Но Белла как будто не видела, продолжая двигаться и теперь даже протягивая в сторону Нарциссы руку:
- Другой возьмет. Это не важно. Я найду тебе хорошего мужа, обещаю. Просто разреши мне.
- Нет! Слышишь меня? Нет! Не смей! Не смей отказывать мне в том, что позволила себе!
- Зачем он тебе, Нарси? – с каким-то пугающим надломом пробормотала Беллатрикс, остановившись и снова сев на пол.
- Я люблю его! И хочу, слышишь!
- Это блажь, это пройдет.
- Это любовь, и она никуда не денется!
- Нарси, мужчины причиняют боль! Он будет жесток, ты не сможешь! Неужели ты все забыла?! – Белла говорила медленно и веско, как азбучные истины маленькому ребенку в истерике, и то ли это, а то ли последняя фраза (Рудольф только потом понял, почему ее-то произносить и не стоило) добили Нарциссу. Вскочив и едва не задев ногой все еще сидящую Беллатрикс, она бросилась к лежащим на полу за кроватью вещам и принялась судорожно натягивать их на себя.
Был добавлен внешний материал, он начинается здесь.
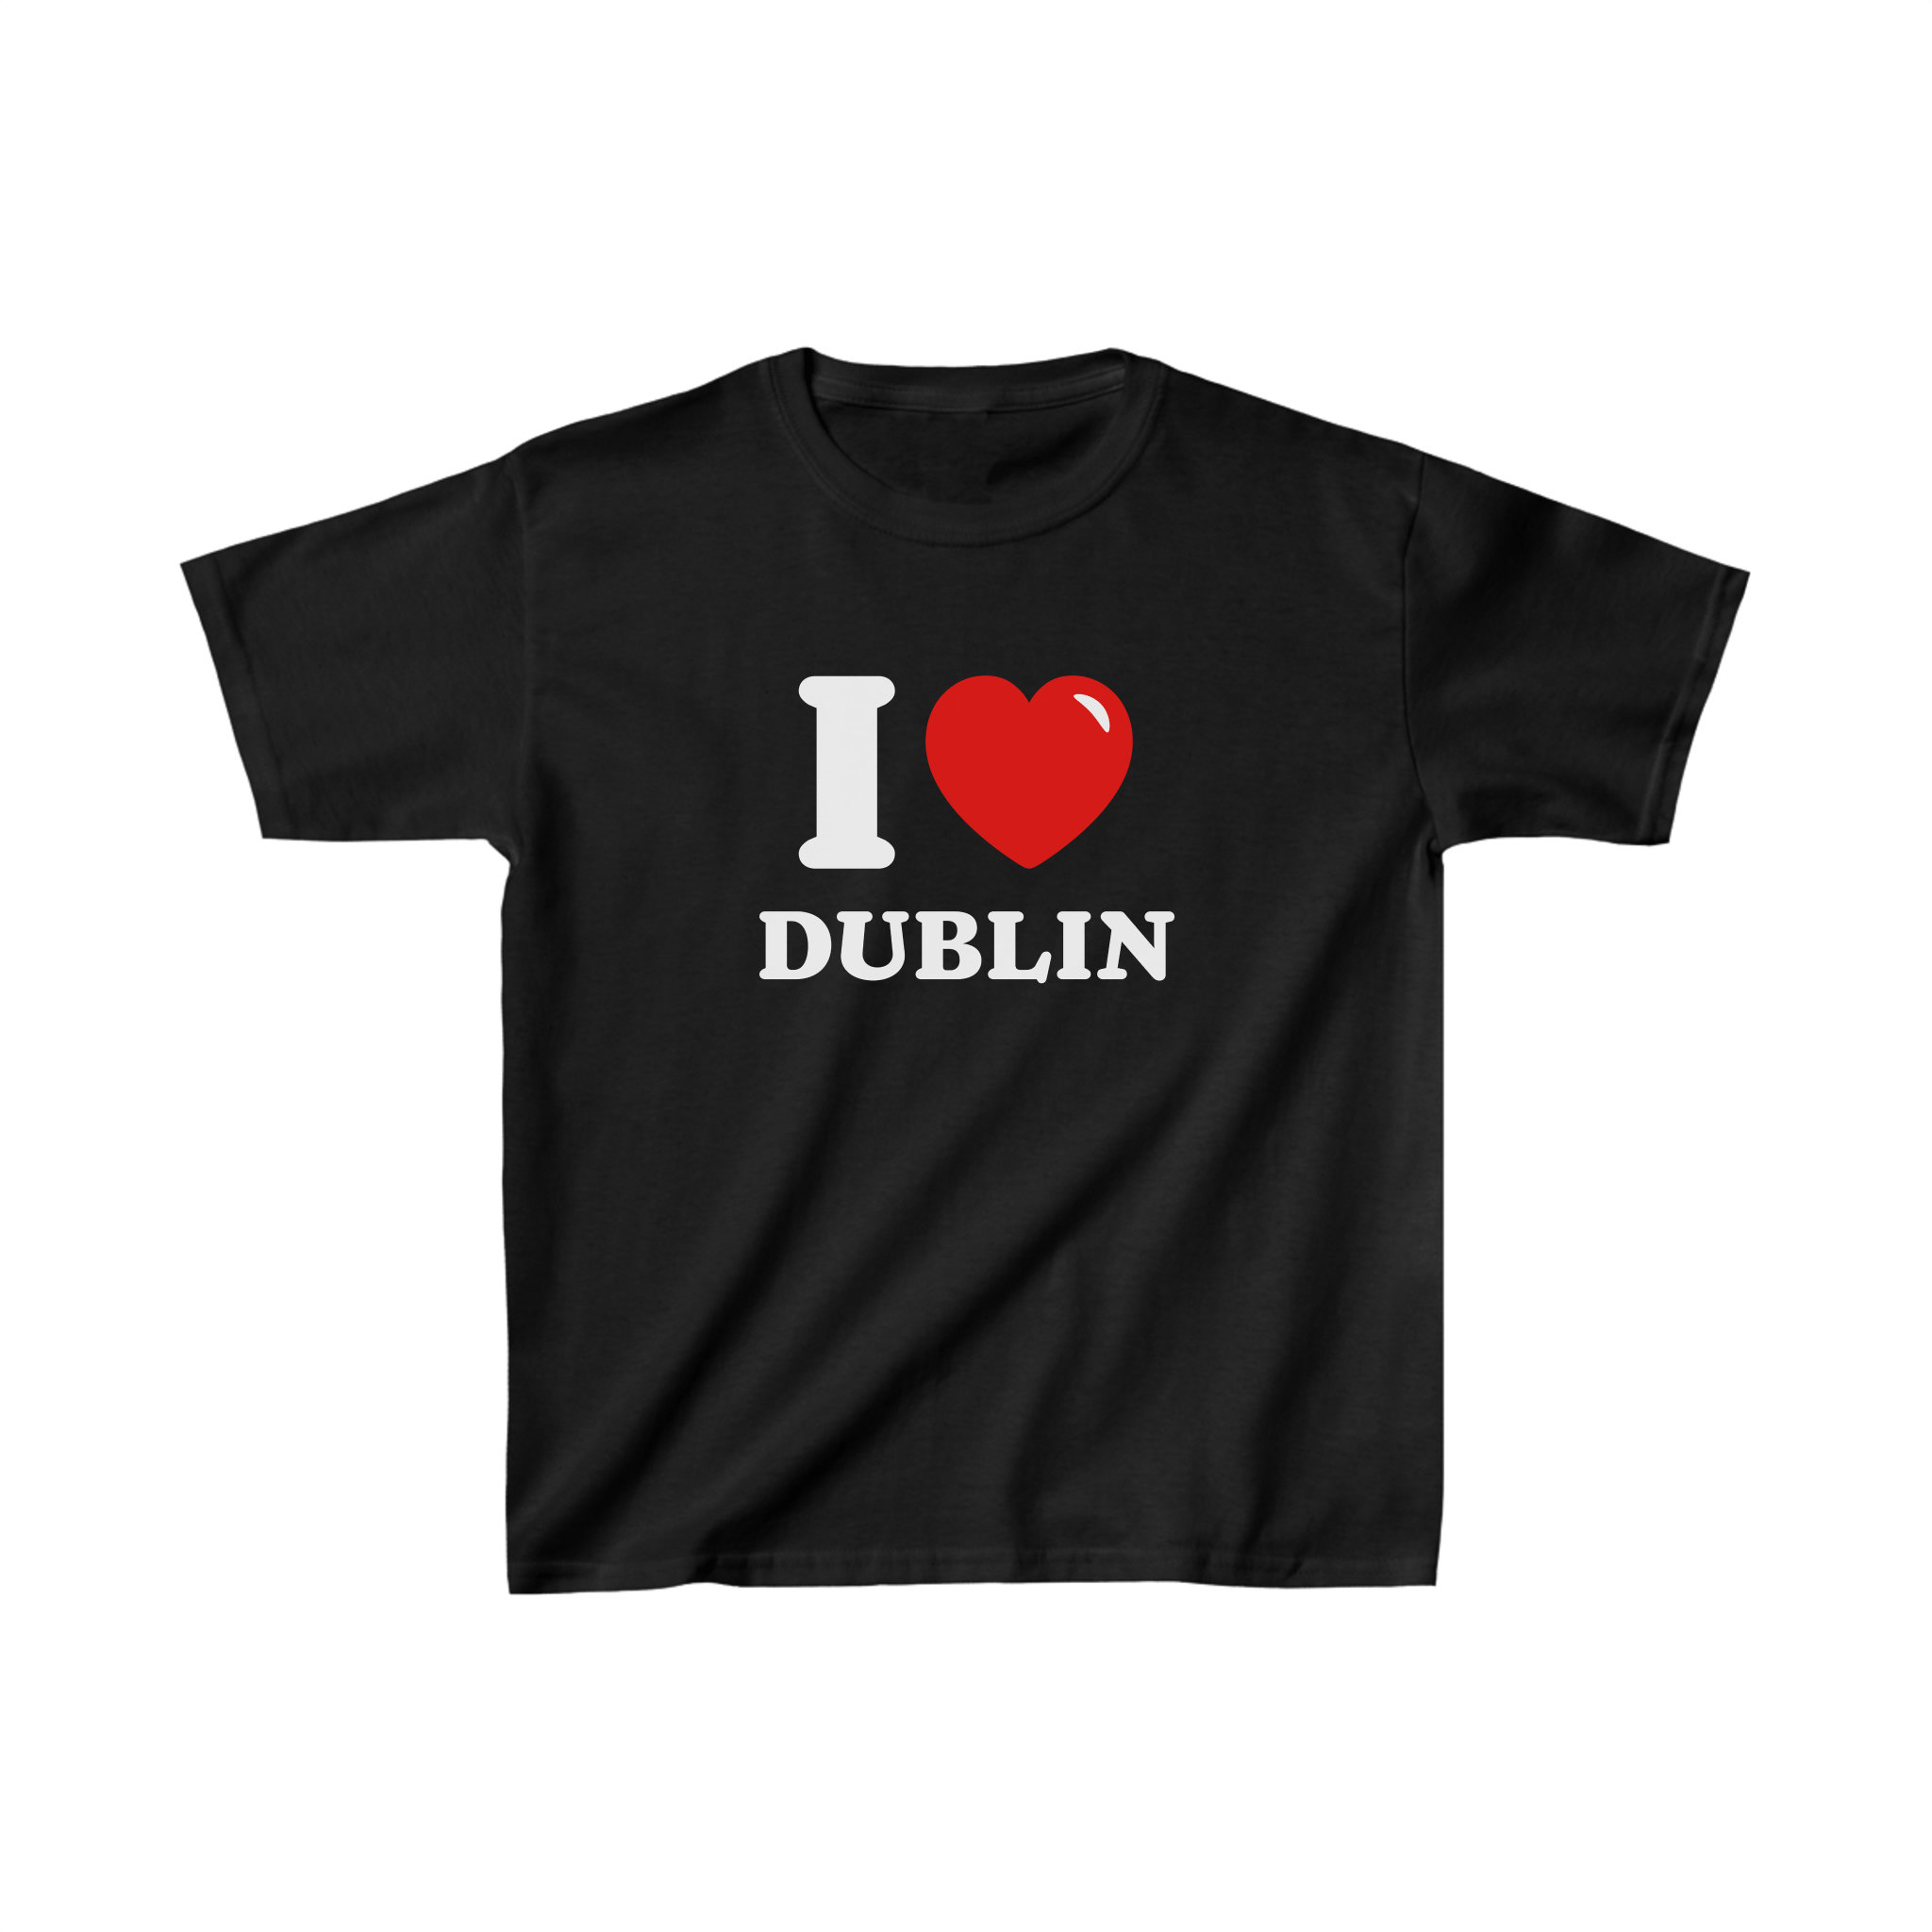 'I love Dublin' baby tee - In Print We Trust

- Все! Все, хватит! «Я помогу тебе!», «Доверься мне!», «Мы все исправим!», - тонким противным голосом передразнила она, плюнув в конце. – Все ложь! Одна ложь и попреки! «Делай это, я же знаю, как для тебя лучше!», «Делай то, ты сейчас не можешь сама решить!»! Хватит! Я устала чувствовать себя обязанной! Я устала ощущать вечную вину перед тобой! И я устала от бесконечных напоминаний! Что я должна сделать, чтобы выплатить тебе долг? Что?! Перестать жить?! Заснуть и просыпаться только тогда, когда ты хочешь трахнуть меня?! Что, что тебе нужно?!
- Послушай…, - Беллатрикс попробовала подойти к Нарциссе, кажется, надеясь обнять, но та мгновенно отшатнулась так, что больше Белла не рискнула, остановившись и даже разведя руки, показывая, что они пусты, а она все поняла.
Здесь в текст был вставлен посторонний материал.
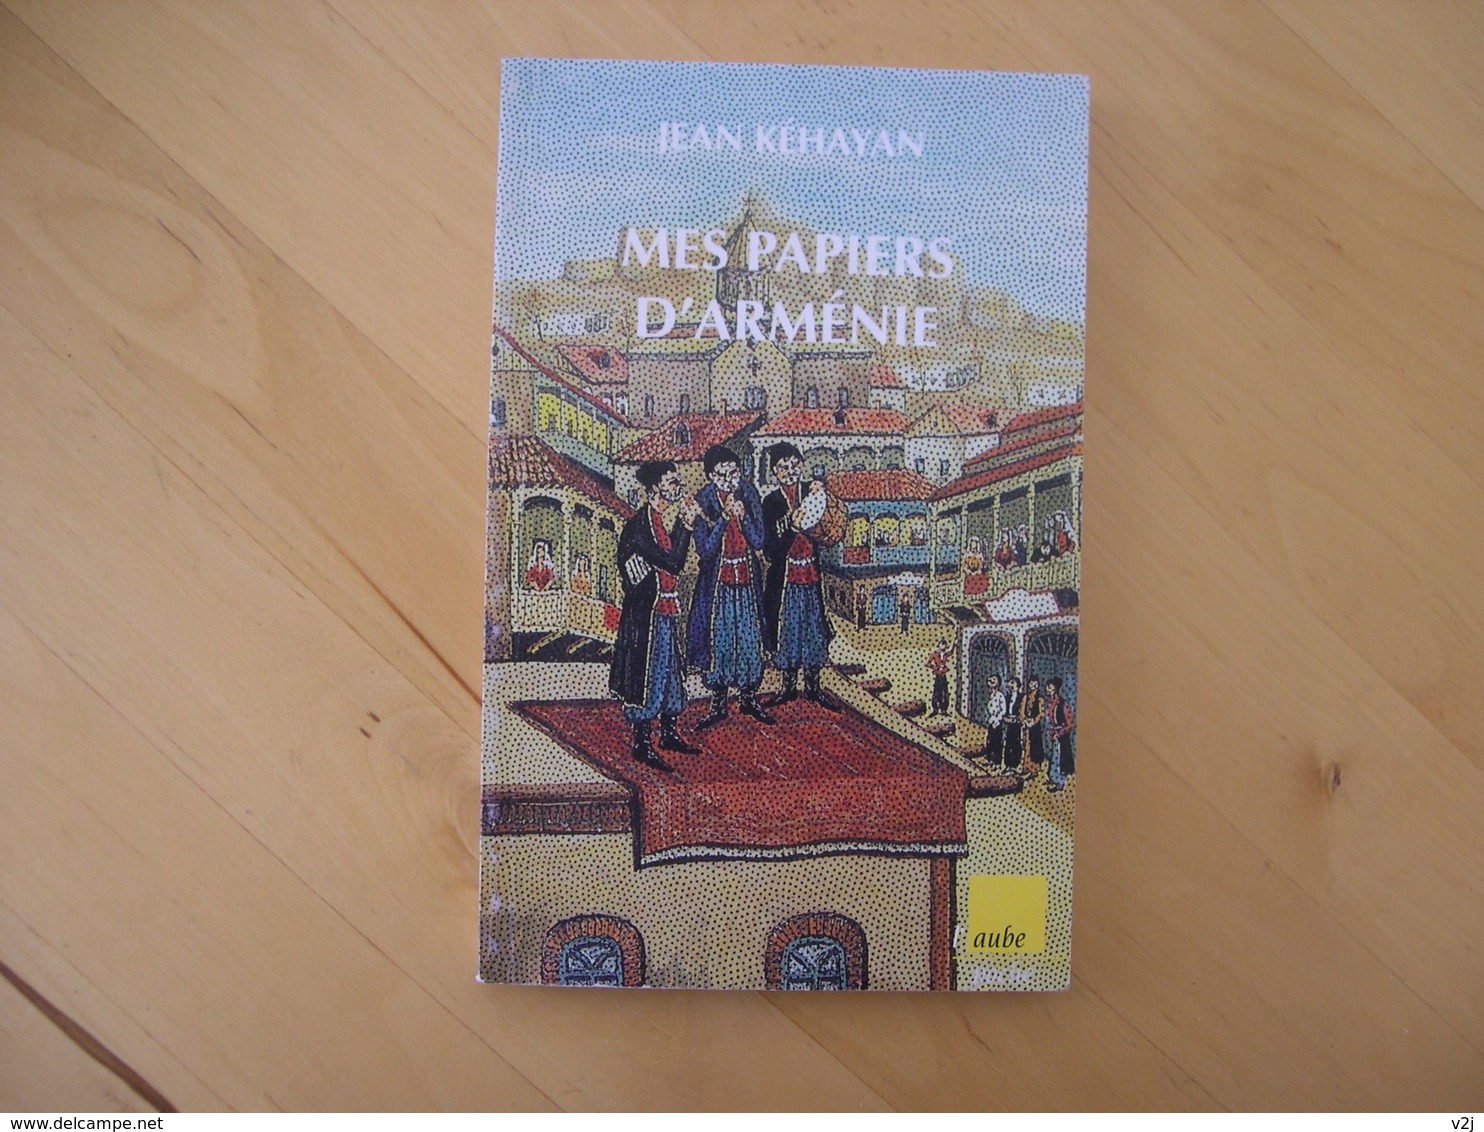 Mes Papiers D'arménie - Jean Kéhayan - Histoire

- Не буду, Белла. Я не буду тебя слушать. Я благодарна тебе, но я не стану платить тебе всю свою жизнь. Я хочу жить сама, хочу любить и хочу спать с Люциусом. И он не будет жесток, можешь мне поверить. И я не боюсь его. Я хочу его! Не этого ли ты добивалась, добрая сестричка, желая мне помочь?!
- Ты…, - Белла начала бледнеть где-то в середине монолога Нарциссы, и к последним ее словам напоминала оттенком простыню. – Ты… с ним…
- Да! – выкрикнула Нарцисса, казалось, наслаждаясь потрясением в глазах Беллатрикс. – Я была с ним! Он касался меня! И я его! И мне нравилось, Белла! Мне очень нравилось, и я хотела еще, всего, до конца! И я выйду за него замуж, слышишь?! И ты меня не остановишь! Хватит мне чувствовать себя виноватой! Все, я ничего больше тебе не должна!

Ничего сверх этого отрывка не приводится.